• **Supplied material**
%%

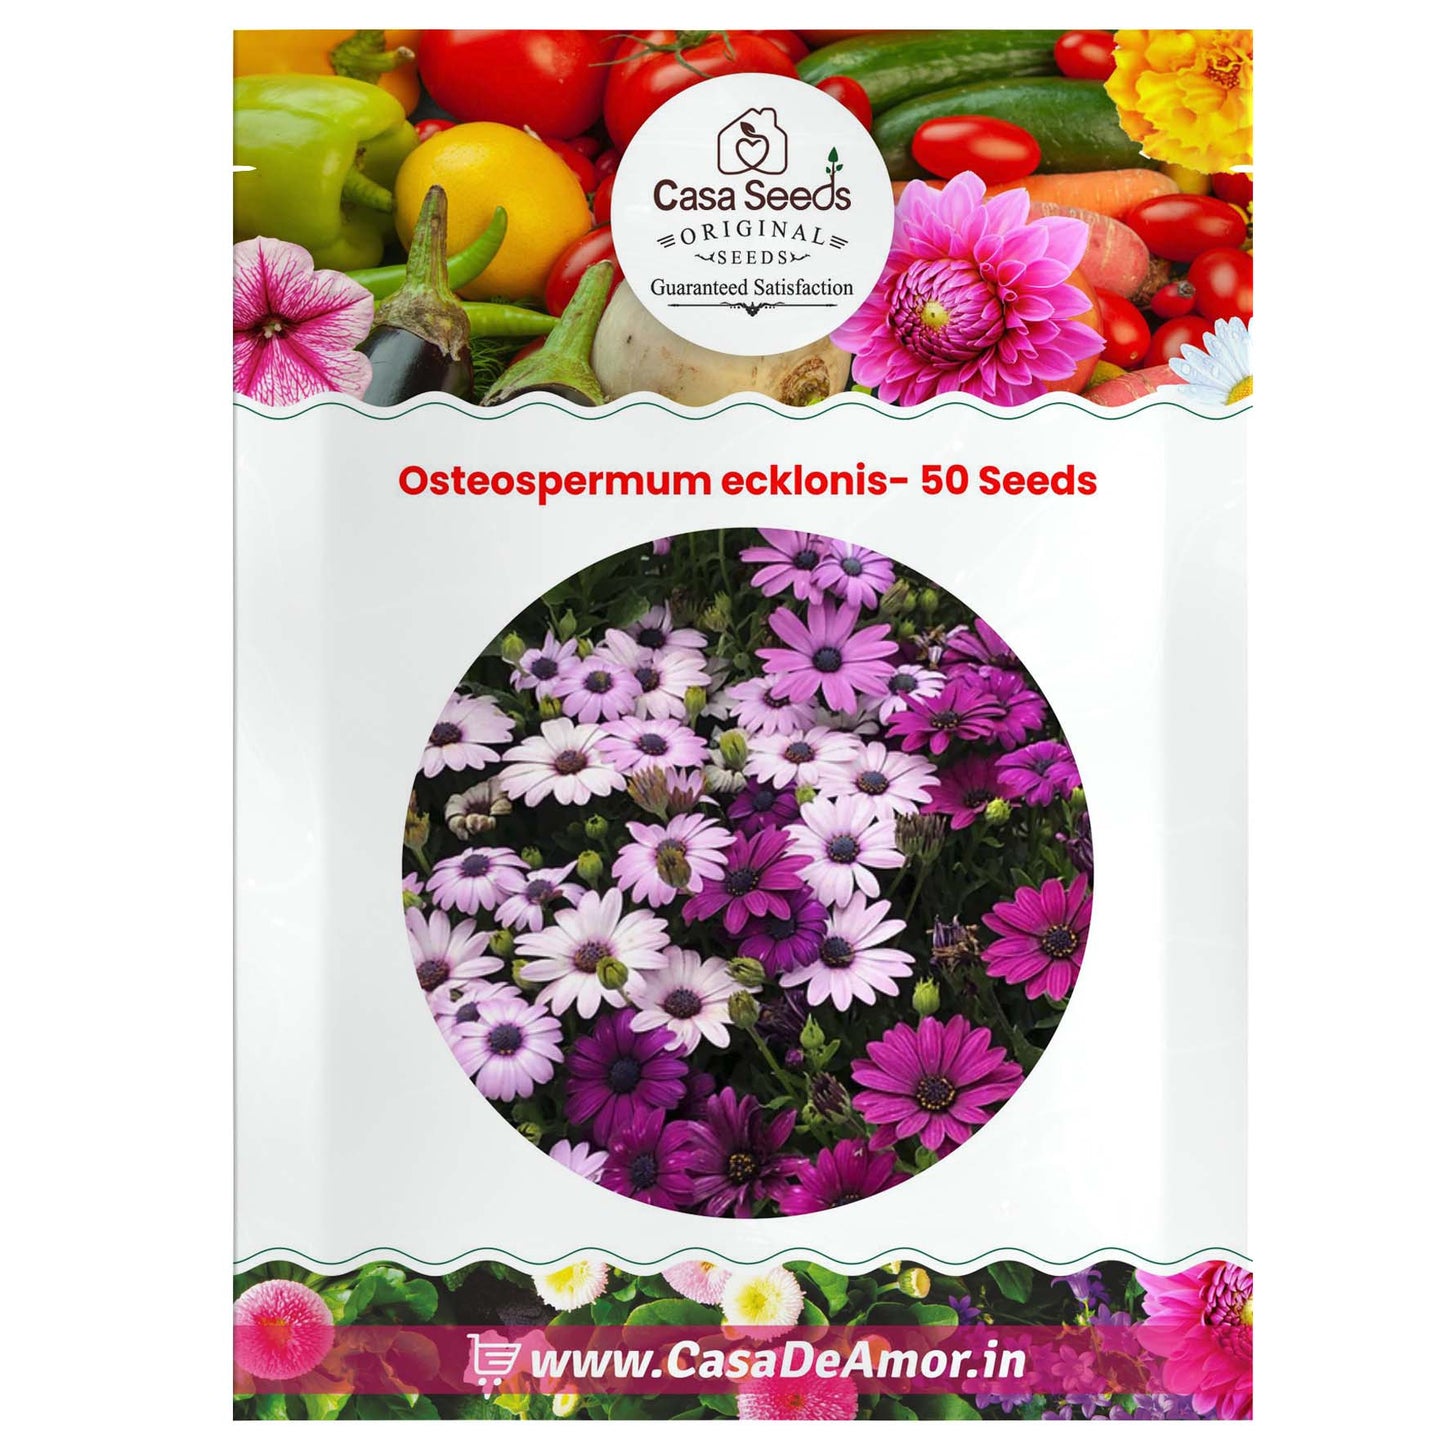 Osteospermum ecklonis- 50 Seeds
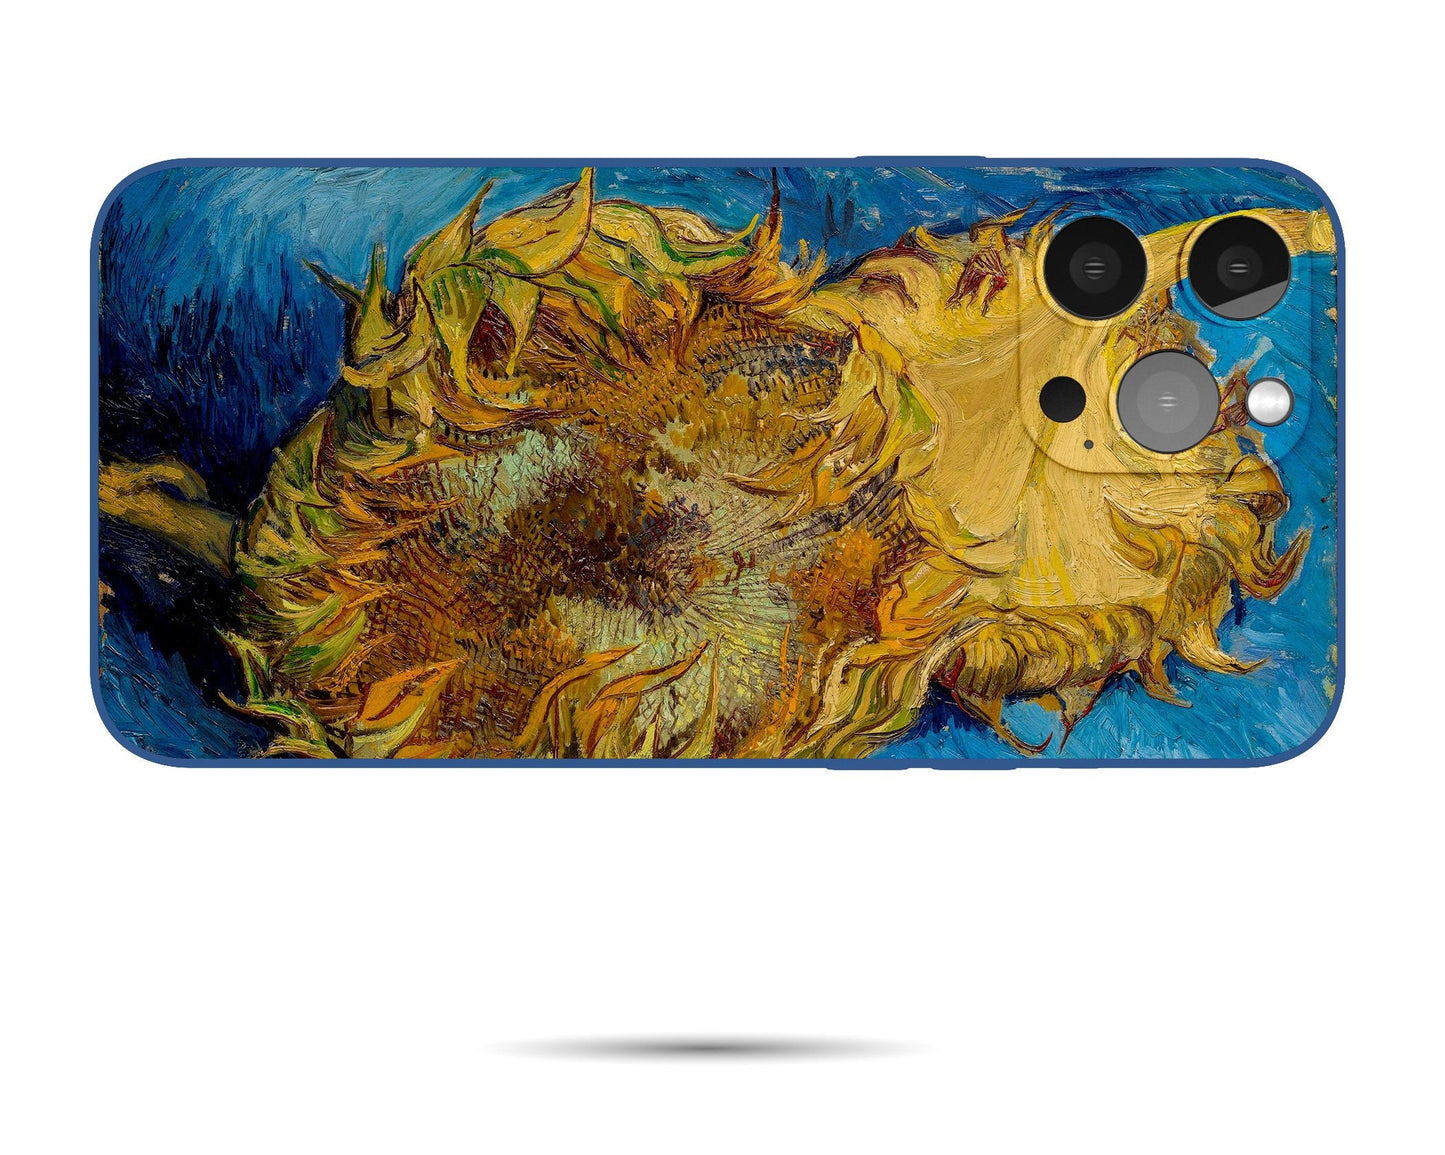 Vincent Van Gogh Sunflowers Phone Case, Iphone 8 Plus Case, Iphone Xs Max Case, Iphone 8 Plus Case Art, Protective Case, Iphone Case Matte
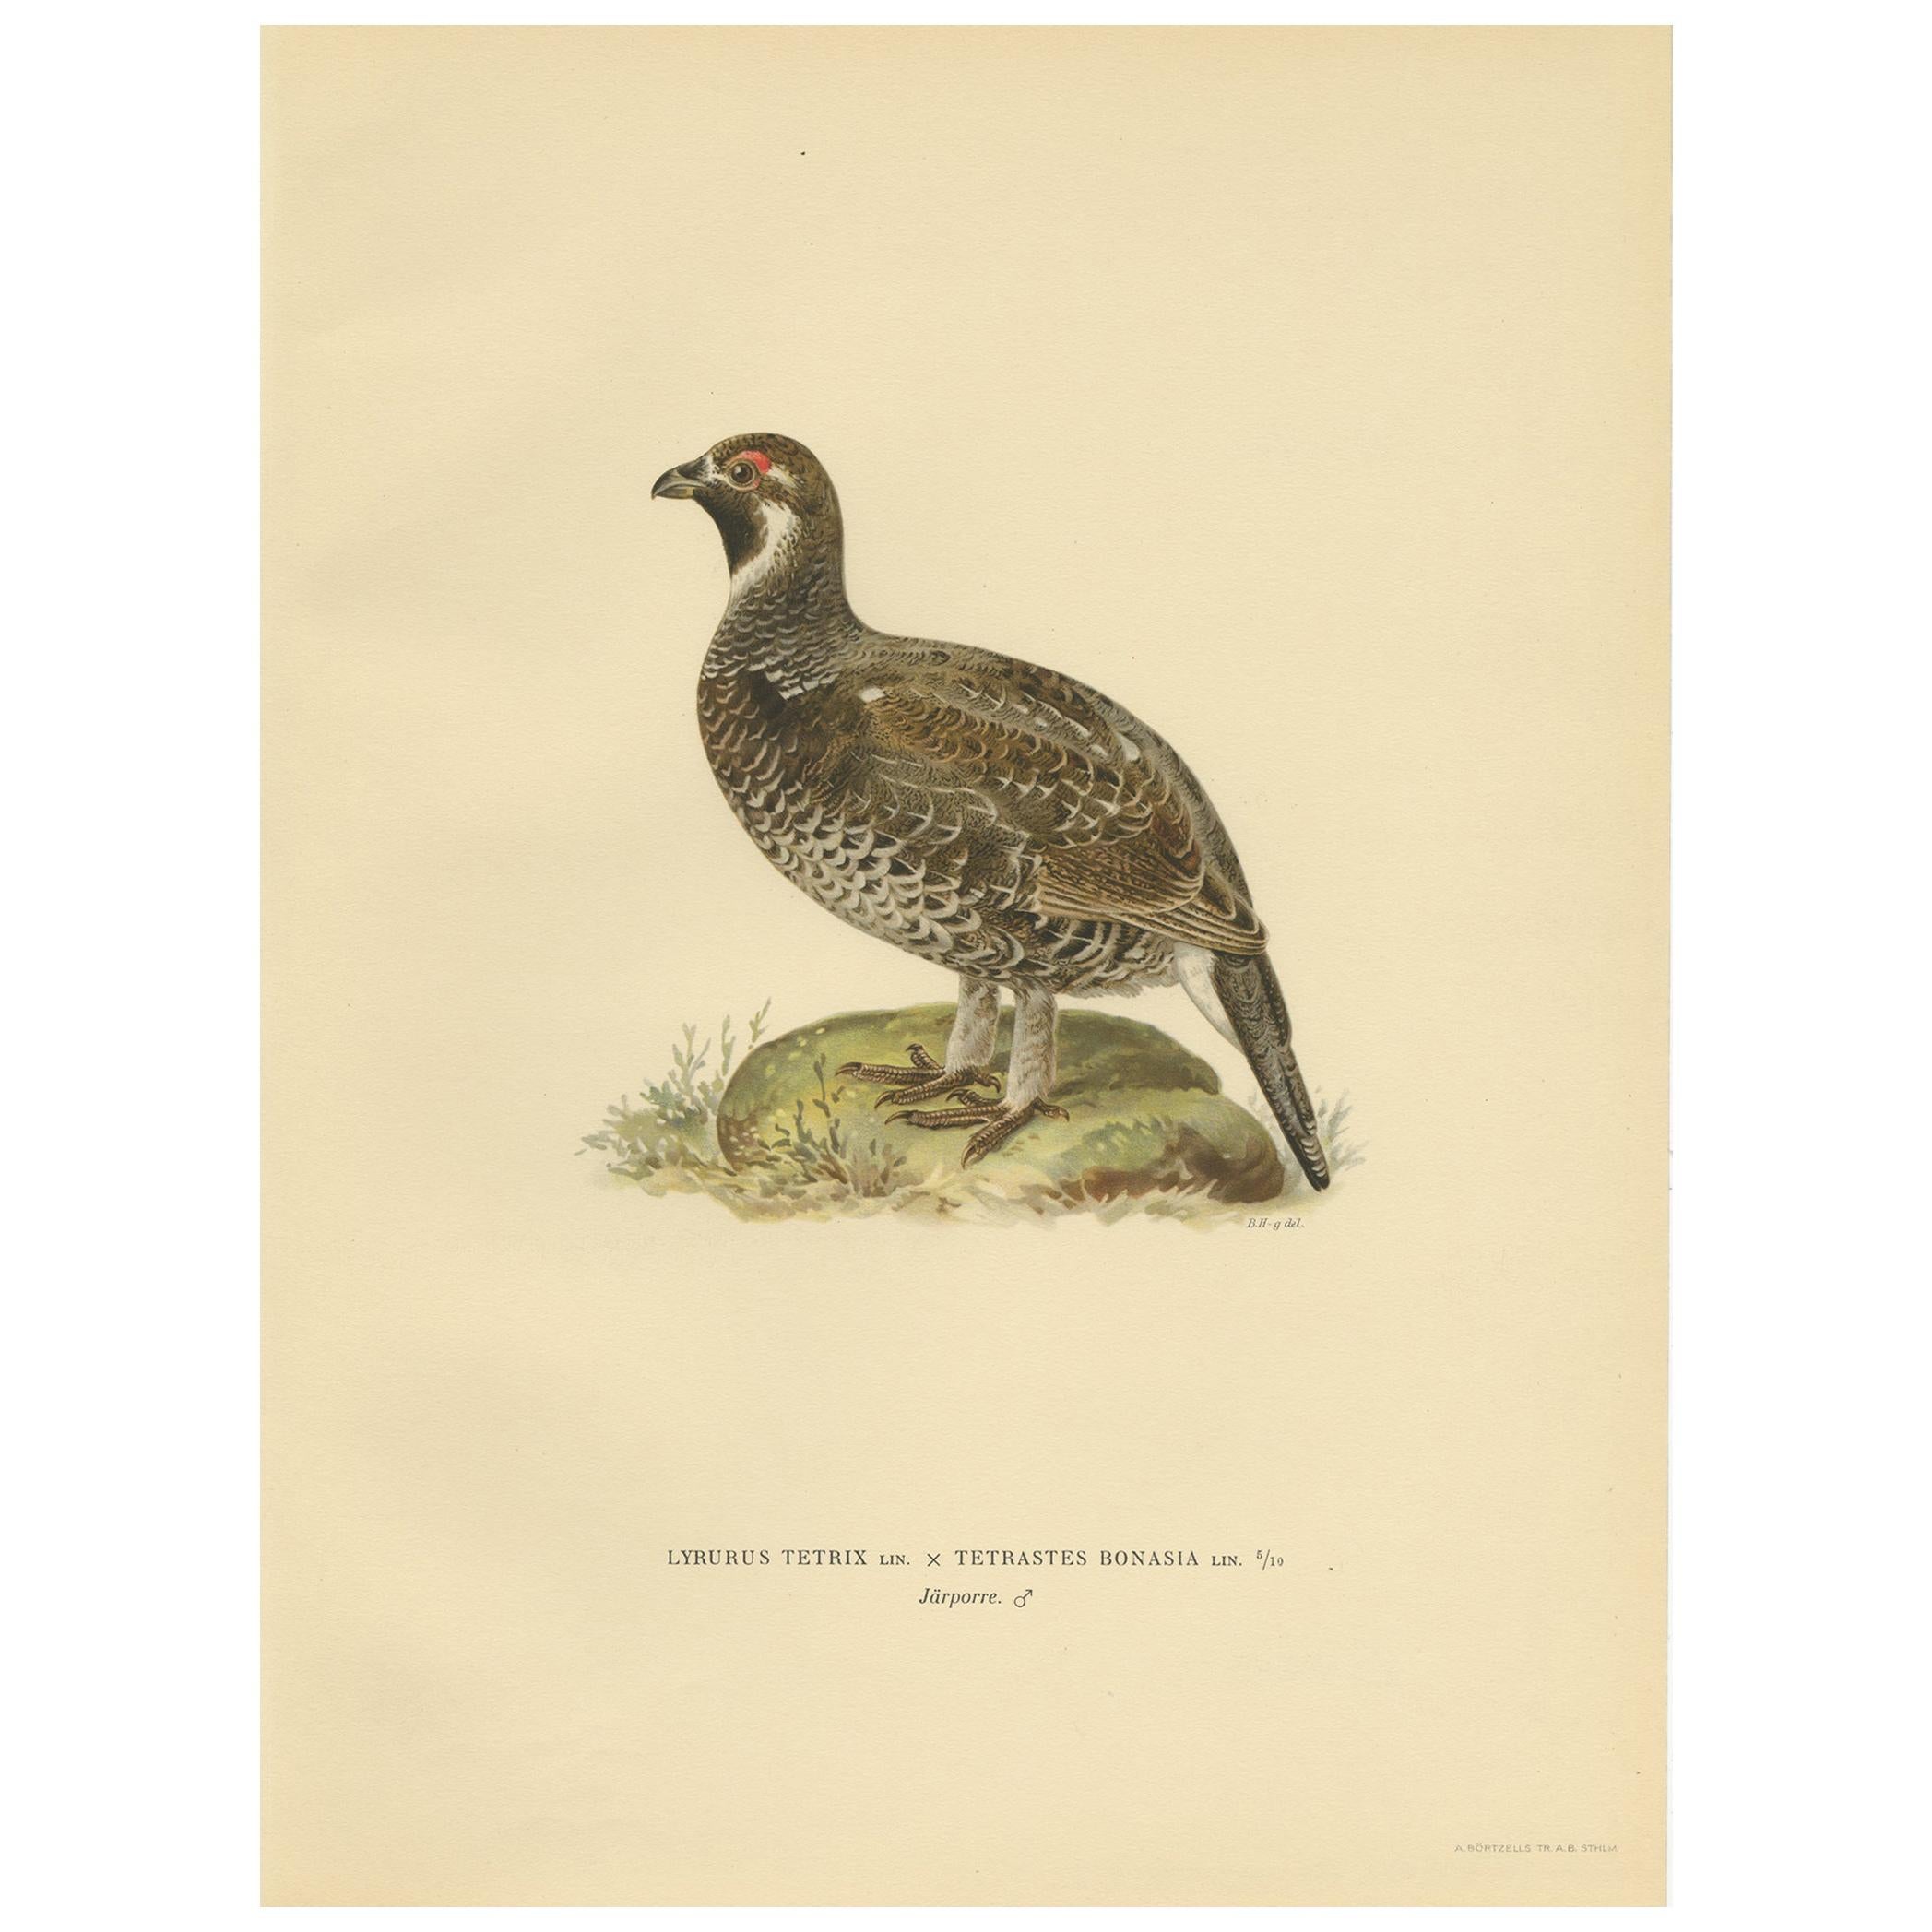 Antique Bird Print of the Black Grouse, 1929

%%

• **What you are asked to do**
Every line of the listing above is to be repeated exactly, with its pictures left out.

• **Solution for this problem**
 Osteospermum ecklonis- 50 Seeds
 Vincent Van Gogh Sunflowers Phone Case, Iphone 8 Plus Case, Iphone Xs Max Case, Iphone 8 Plus Case Art, Protective Case, Iphone Case Matte
 Antique Bird Print of the Black Grouse, 1929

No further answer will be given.